The other day I went to my bank and found the comic pictured to the right on the front table right as you walk in. A comic teaching children the value of saving money as several popular heroes team up to defeat a villain that seems to have an impulse buying problem; afterall to afford a variety of gadgets that large, you’d need to be the primary shareholder of Stark Industries or Wayne Enterprises.

Comics have a long history of being used to create age appropriate PSA’s, but this is the first time I have seen them at a financial institution. Super heroes have suffused modern culture.

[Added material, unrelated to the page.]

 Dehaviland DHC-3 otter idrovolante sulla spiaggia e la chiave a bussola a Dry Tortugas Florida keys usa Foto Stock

According to my Social Media feeds, I am one of the few people that is excited about seeing The Amazing Spider-Man 2 tonight. Given the quality shown in the trailer that ambivalence surprises me, regardless of how this film is received though, comic movies are definitely here to stay. At present, 3 of the top 10 highest grossing films of all time are comic book based, and in the last 6 years, the year’s highest grossing filsm have been comic book movies two thirds of the time. 

What accounts for the recent popularity of such things? Comic books as a medium, and super heroes an idea have been around quite a while, but they have not exactly been booming in recent years. Indeed, by a variety of metrics, the medium has been quite stagnant. 

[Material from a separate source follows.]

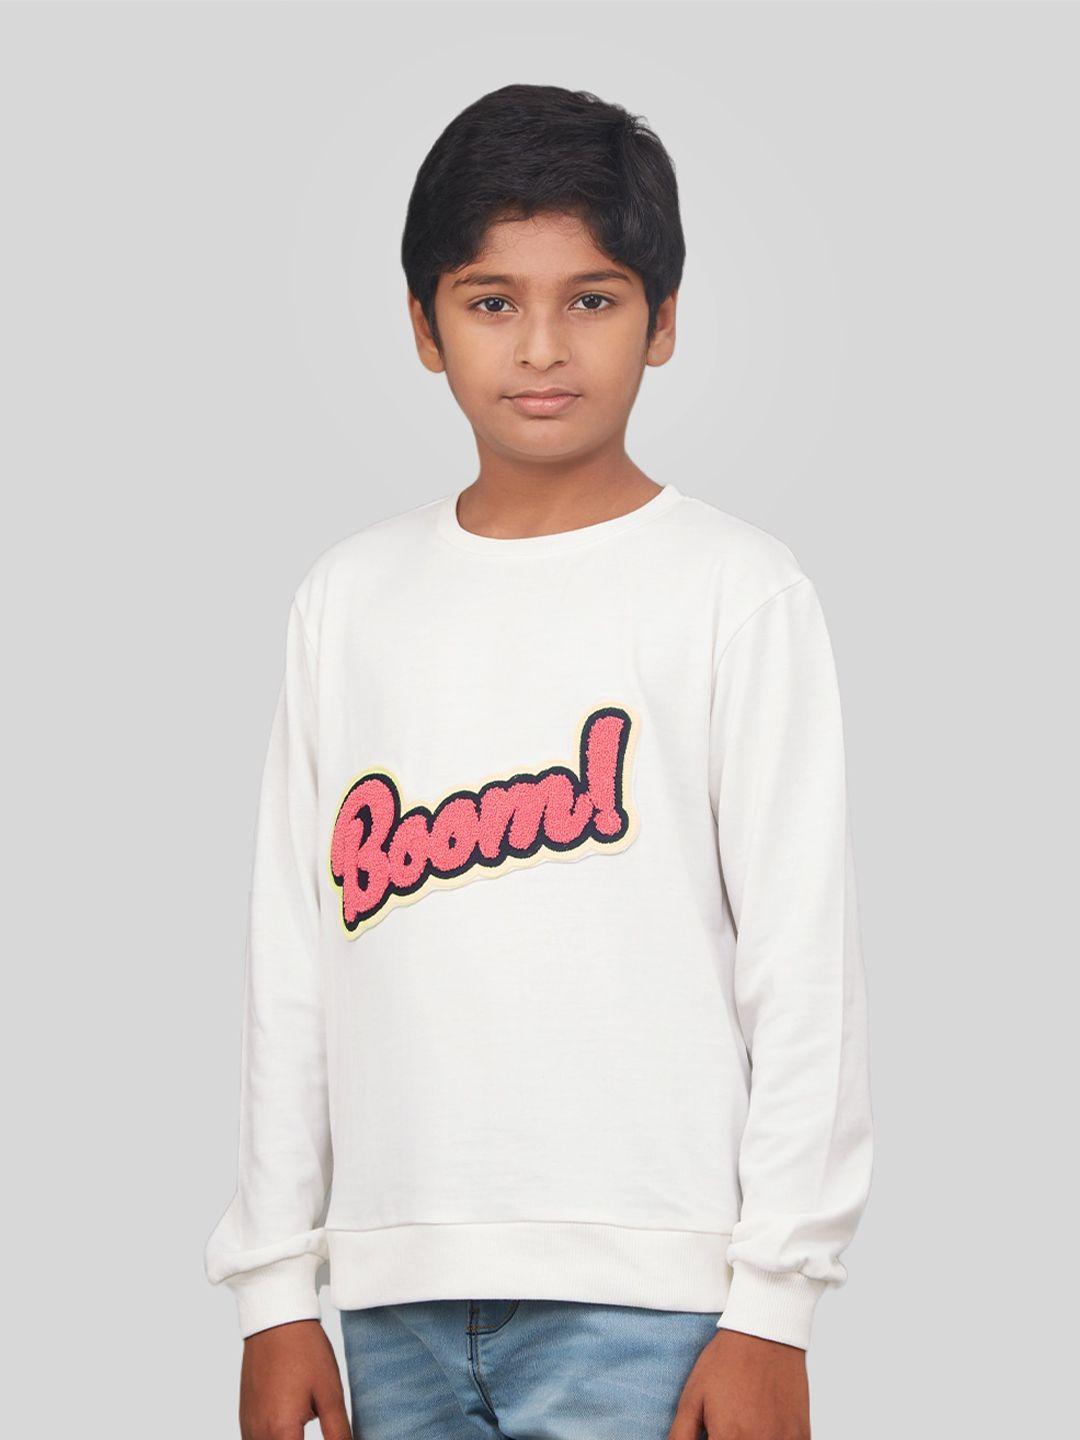 zalio boys typography printed pullover sweatshirt

That is not to say of course that a quarter of a billion dollars is anything to sneeze at.

Is it just that technology has finally caught up to the imaginations of artists then, or is there more too it? I have no idea, but I would love your thoughts on the subject.

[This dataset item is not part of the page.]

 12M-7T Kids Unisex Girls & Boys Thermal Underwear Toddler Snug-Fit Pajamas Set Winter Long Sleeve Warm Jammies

This entry was posted by David Winchester.

3 thoughts on “Ubiquity

  1. I have no idea what you are asking there at the end. Is *what* just that tech has caught up? The decline in comic book sales? The recent popularity of superhero movies?

  2. It’s not just superheroes that got popular. It’s comics and fantasy and roleplaying and larping and scifi and so on and so on. The feelgood Age of Aquarians grew up and had their own kids, which they let explore all of those themes. No more “be a man – play a sport”. No more “girls like pink and ponies”. Not that there’s anything wrong with either of those; it’s just that the peacenik hippies let their kids break the mold, if the kid wanted to.

    Then those kids grew up and starting making movies, writing books, etc. Singer and Abrams and Whedon are all harbingers of the Age of Geerkarius.